Task brief
All lines from the one bearing "Adesivo blu per" through the end of the data below must be printed exactly as they stand, with pictures removed.

Data segment
'''

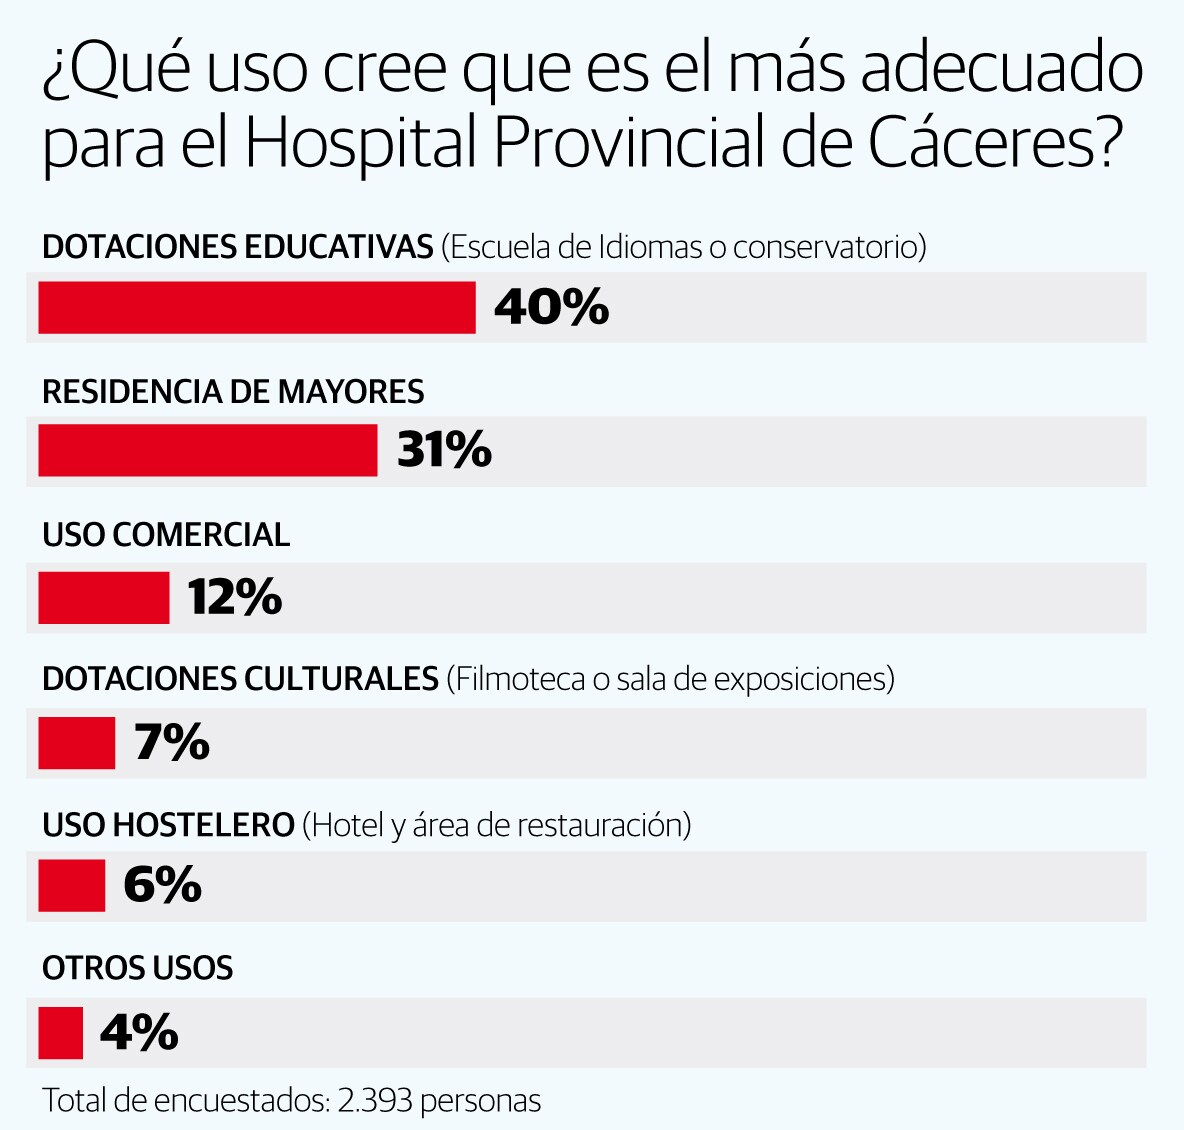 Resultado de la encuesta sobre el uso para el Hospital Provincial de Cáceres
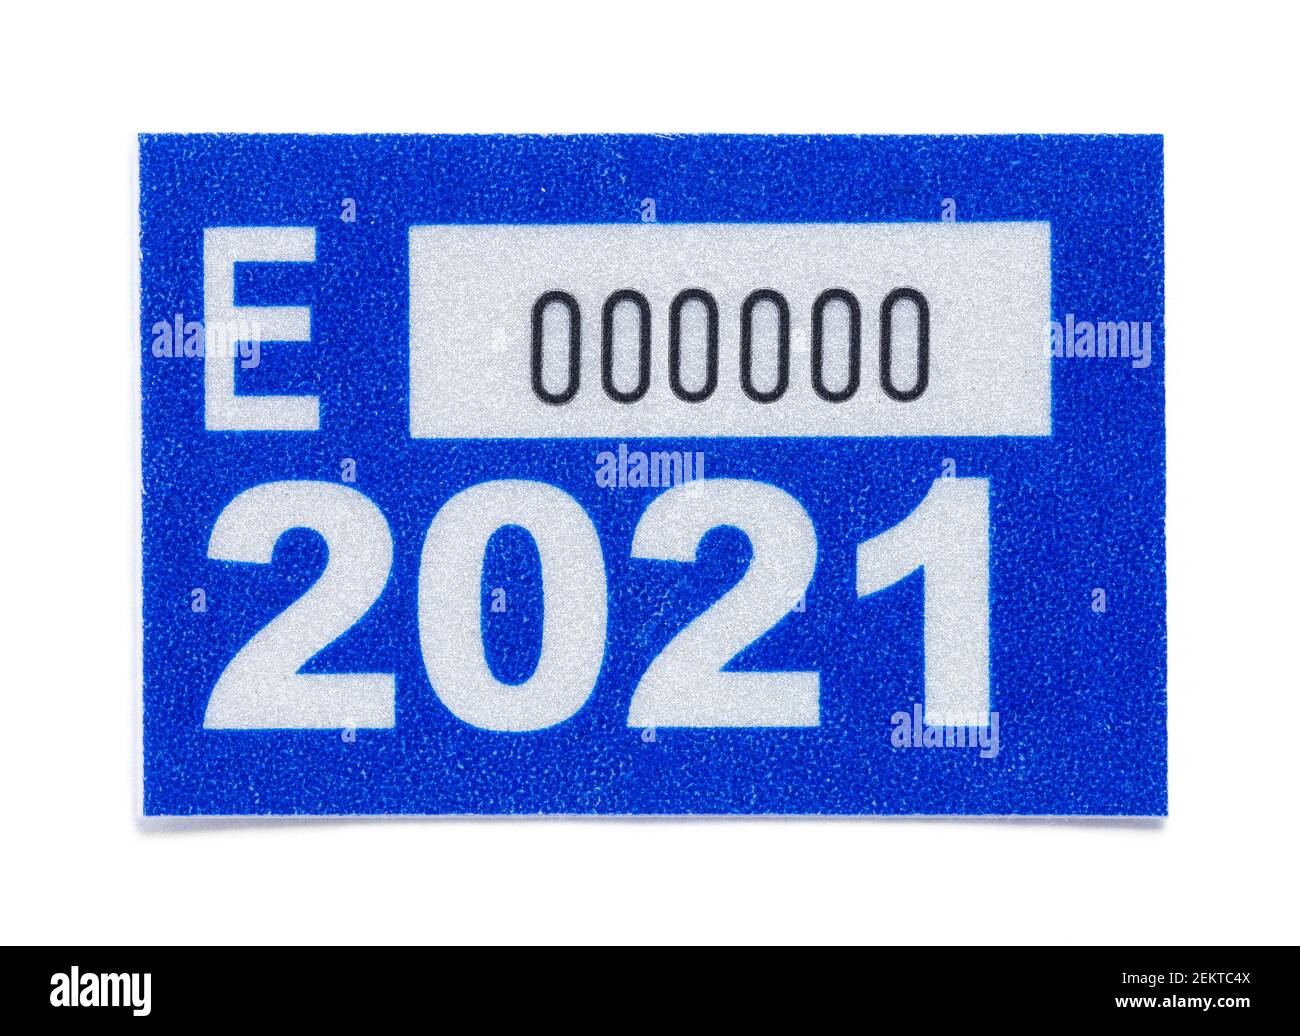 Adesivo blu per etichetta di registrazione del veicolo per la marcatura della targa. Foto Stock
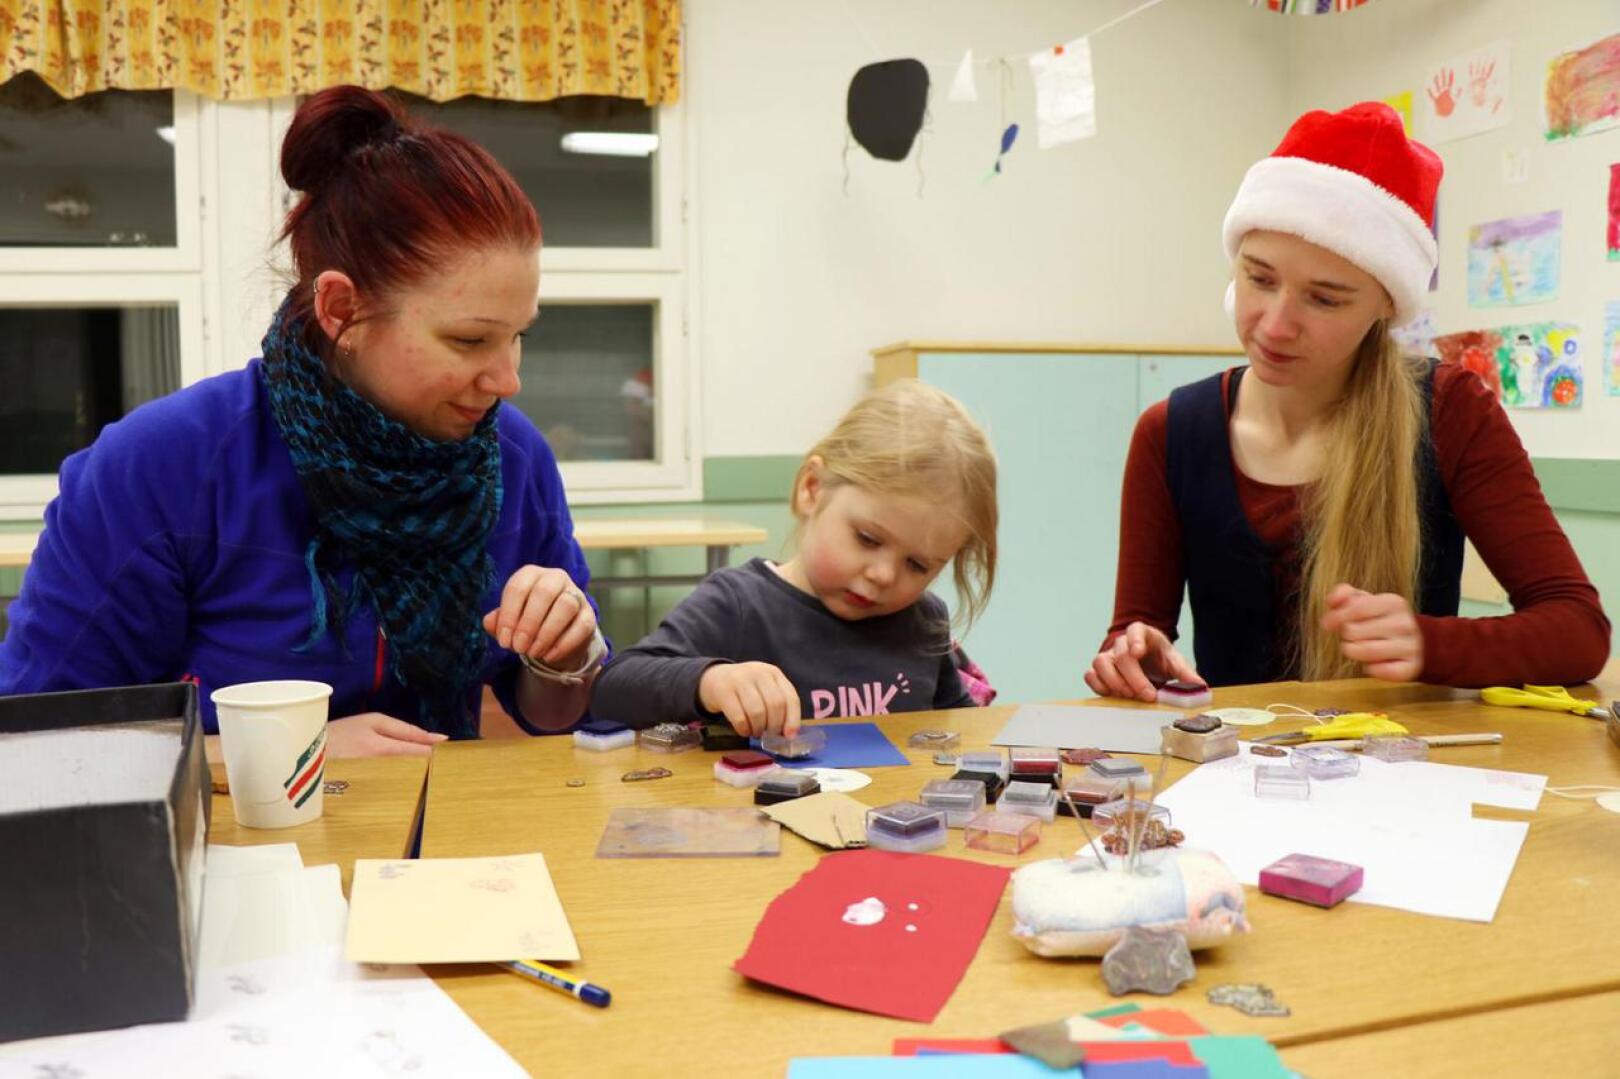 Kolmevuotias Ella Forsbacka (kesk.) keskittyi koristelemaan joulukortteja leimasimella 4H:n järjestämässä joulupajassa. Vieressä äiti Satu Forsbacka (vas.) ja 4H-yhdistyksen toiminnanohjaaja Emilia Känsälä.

'''

Response to the exercise
 Adesivo blu per etichetta di registrazione del veicolo per la marcatura della targa. Foto Stock
 Kolmevuotias Ella Forsbacka (kesk.) keskittyi koristelemaan joulukortteja leimasimella 4H:n järjestämässä joulupajassa. Vieressä äiti Satu Forsbacka (vas.) ja 4H-yhdistyksen toiminnanohjaaja Emilia Känsälä.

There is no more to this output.